NGL Services. The Partnership owns a 30% membership interest in Lone Star, an entity owning a diverse set of midstream energy assets including NGL pipelines, storage, fractionation and processing facilities located in Texas, New Mexico, Mississippi and Louisiana.
Contract Services. The Partnership owns and operates a fleet of compressors used to provide turn-key natural gas compression services for customer specific systems. The Partnership also owns and operates a fleet of equipment used to provide treating services, such as carbon dioxide and hydrogen sulfide removal, natural gas cooling, dehydration and BTU management.
Natural Resources. The Partnership is involved in the management of coal and natural resources properties and the related collection of royalties. The Partnership also earns revenues from other land management activities, such as selling standing timber, leasing coal-related infrastructure facilities, and collecting oil and gas royalties. This segment also included the Partnership’s 50% interest in Coal Handling, which owns and operates end-user coal handling facilities. The Partnership purchased the remaining 50% interest in these companies effective December 31, 2014.
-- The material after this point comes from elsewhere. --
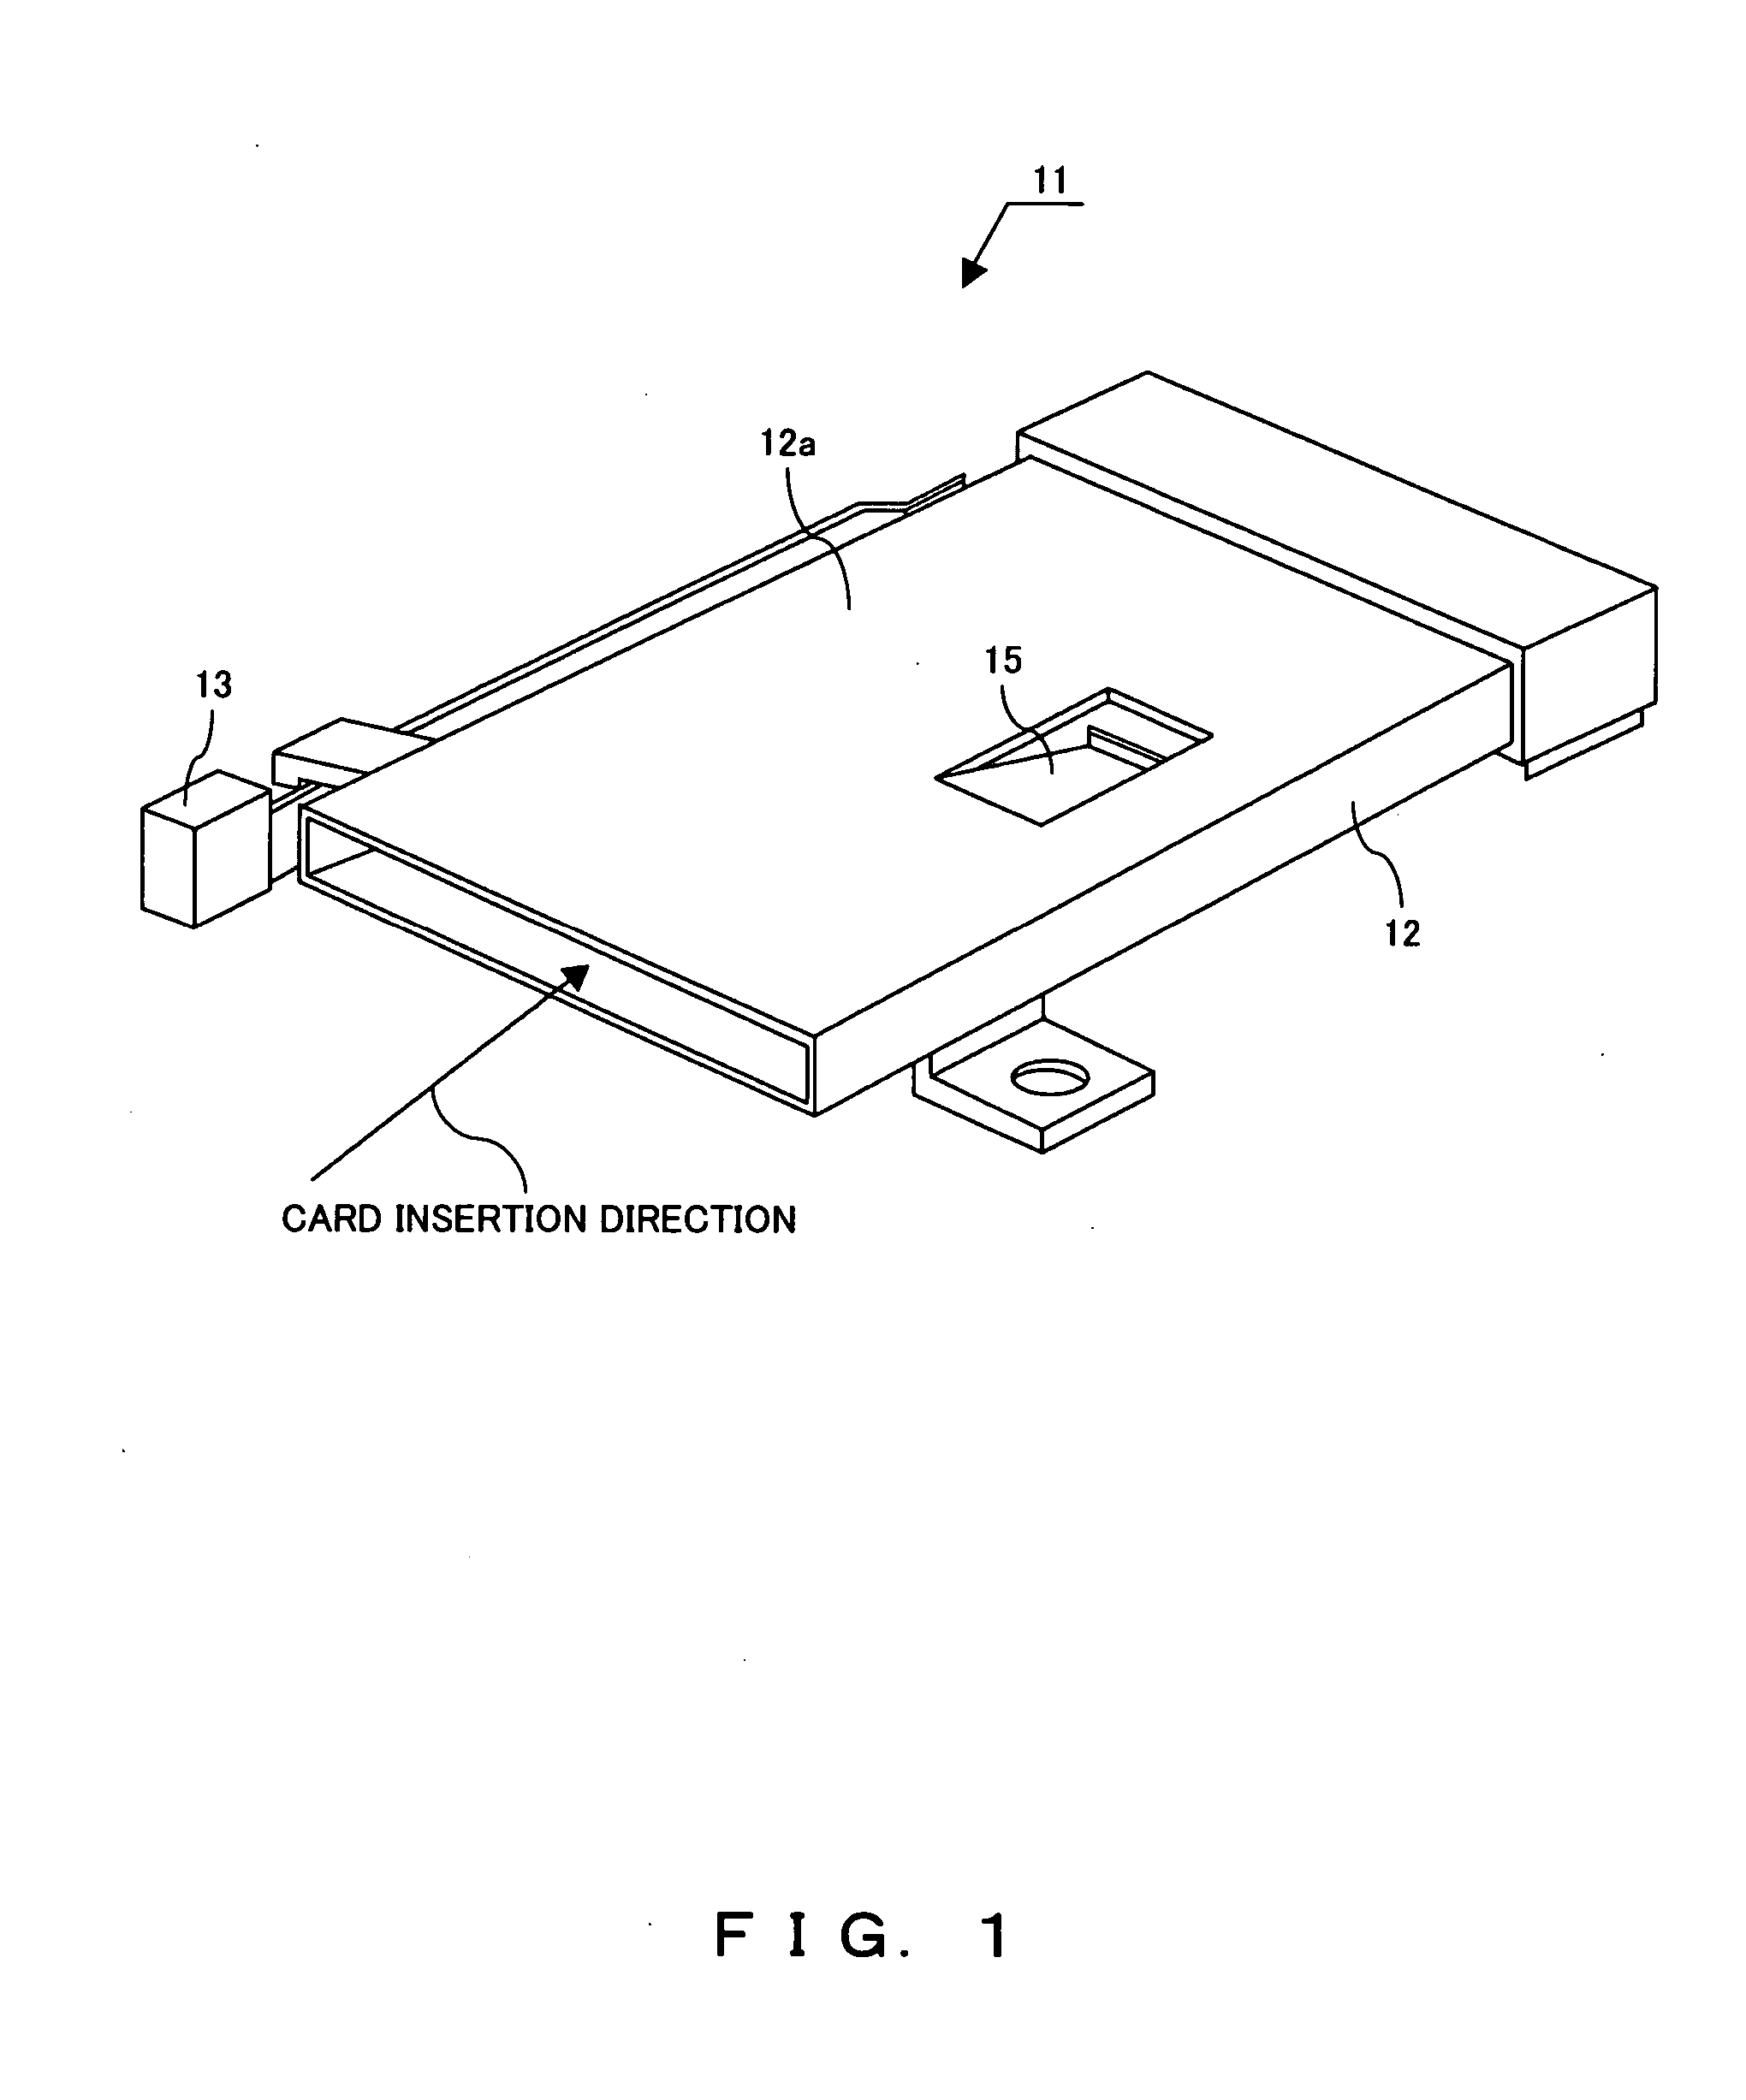 Card connector device

Corporate. The Corporate segment comprises the Partnership’s corporate assets.
The Partnership accounts for intersegment revenues as if the revenues were to third parties, exclusive of certain cost of capital charges.
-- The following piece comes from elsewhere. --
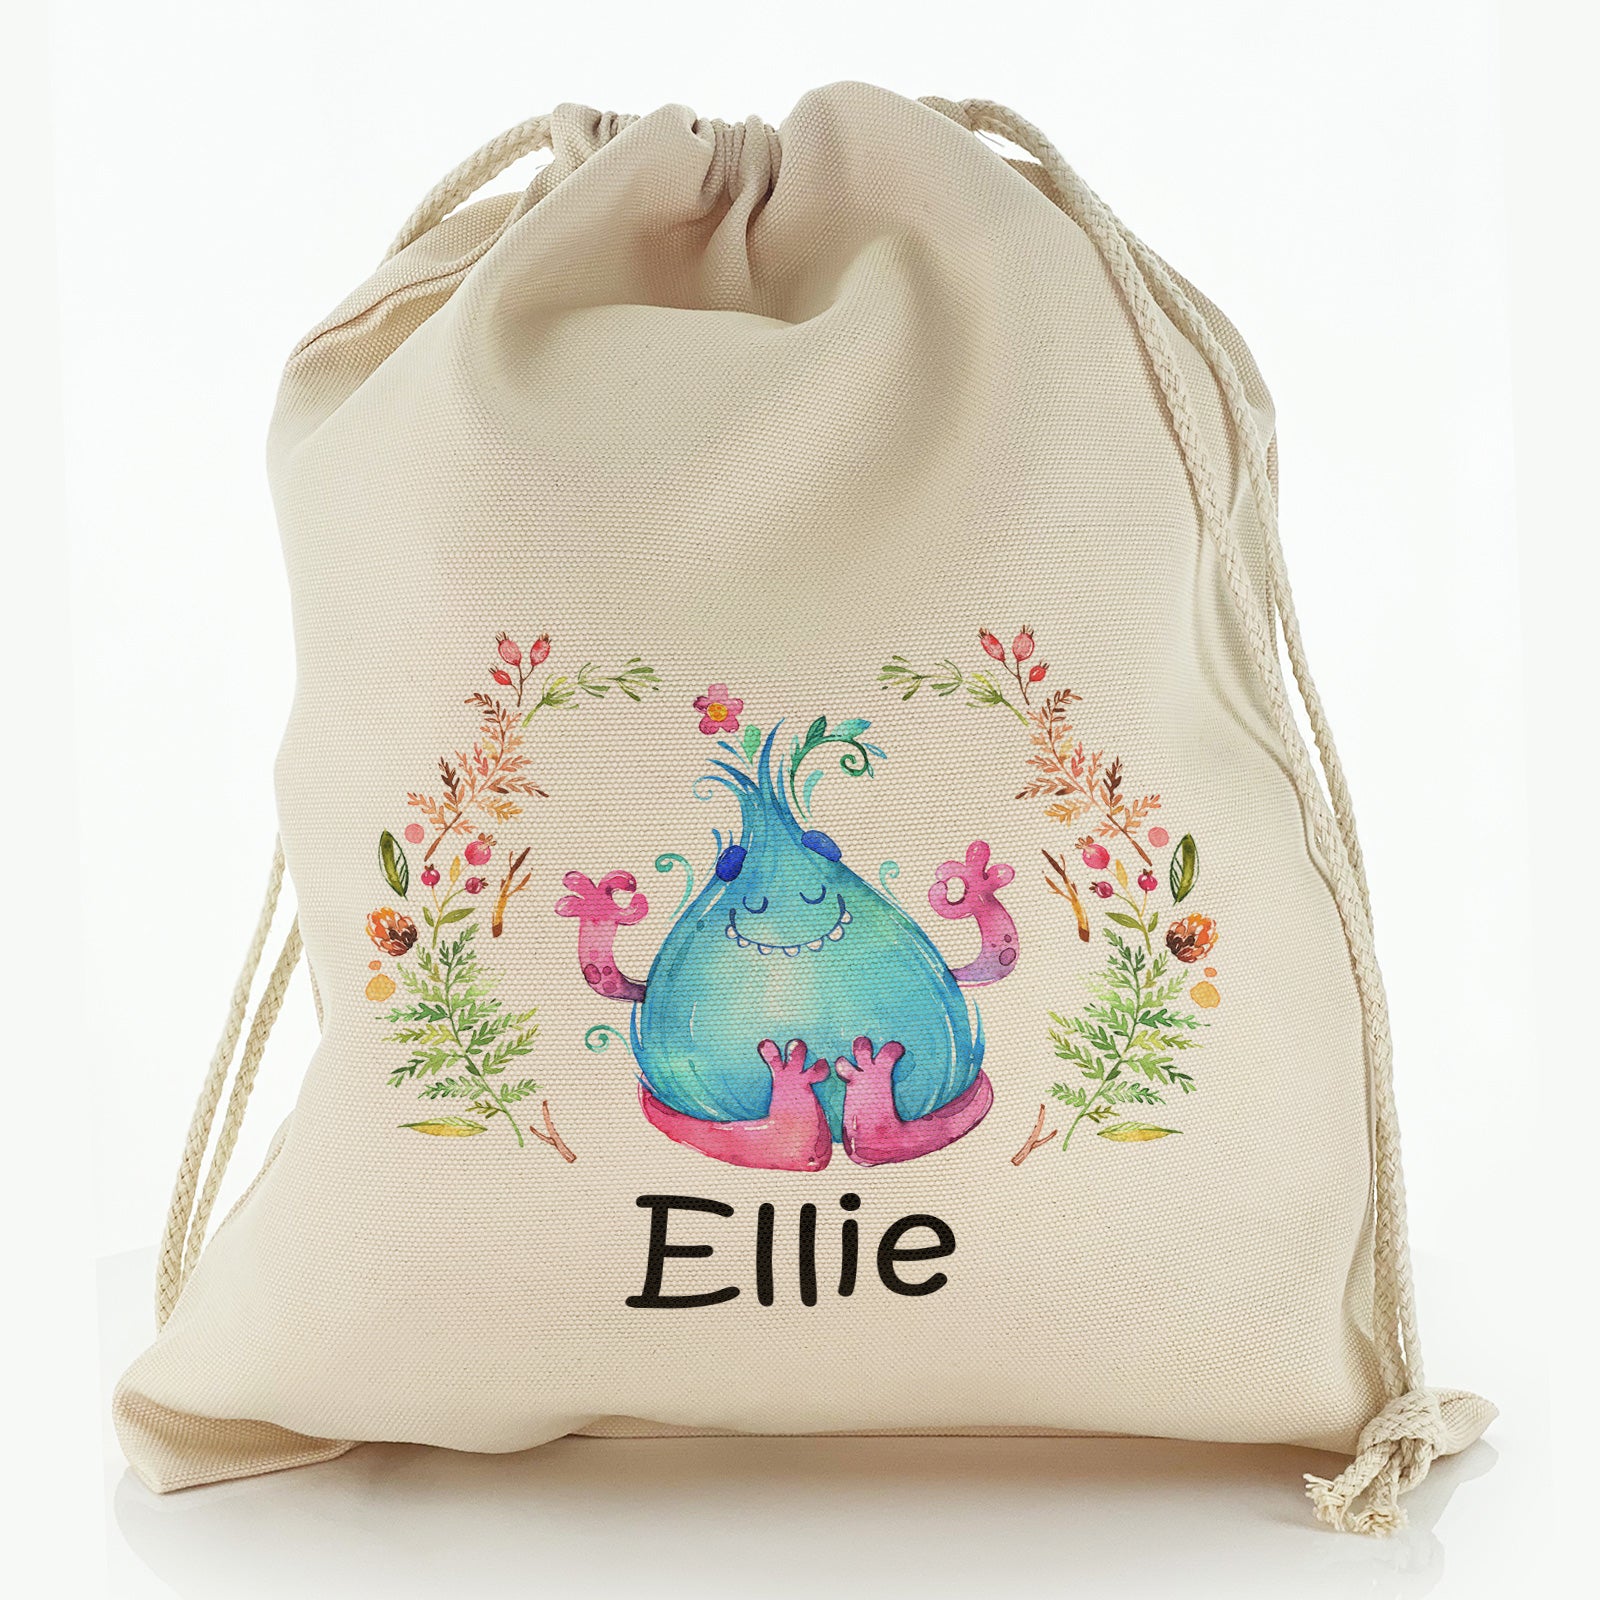 Personalised Canvas Sack with Childish Text and Flowered Blue Flame Monster

Management evaluates the performance of each segment and makes capital allocation decisions through the separate consideration of segment margin and operation and maintenance expenses. Segment margin, for the Gathering and Processing and the Natural Gas Transportation segments is defined as total revenues, including service fees, less cost of sales. In the Contract Services segment, segment margin is defined as revenues less direct costs. The Natural Resources segment margin is generally equal to total revenues
as there is typically minimal cost of sales associated with the management and leasing of properties.
Management believes segment margin is an important measure because it directly relates to volume, commodity price changes, and revenue generating horsepower. Operation and maintenance expenses are a separate measure used by management to evaluate performance of field operations. Direct labor, insurance, property taxes, repair and maintenance, utilities and contract services comprise the most significant portion of operation and maintenance expenses. These expenses fluctuate depending on the activities performed during a specific period. The Partnership does not deduct operation and maintenance expenses from total revenues in calculating segment margin because management separately evaluates commodity volume and price changes in segment margin. The Partnership does not record segment margin for its investments in unconsolidated affiliates (HPC, MEP, Lone Star, Ranch JV, Aqua - PVR, Mi Vida JV and Sweeny JV) because it records its ownership percentages of their net income as income from unconsolidated affiliates in accordance with the equity method of accounting.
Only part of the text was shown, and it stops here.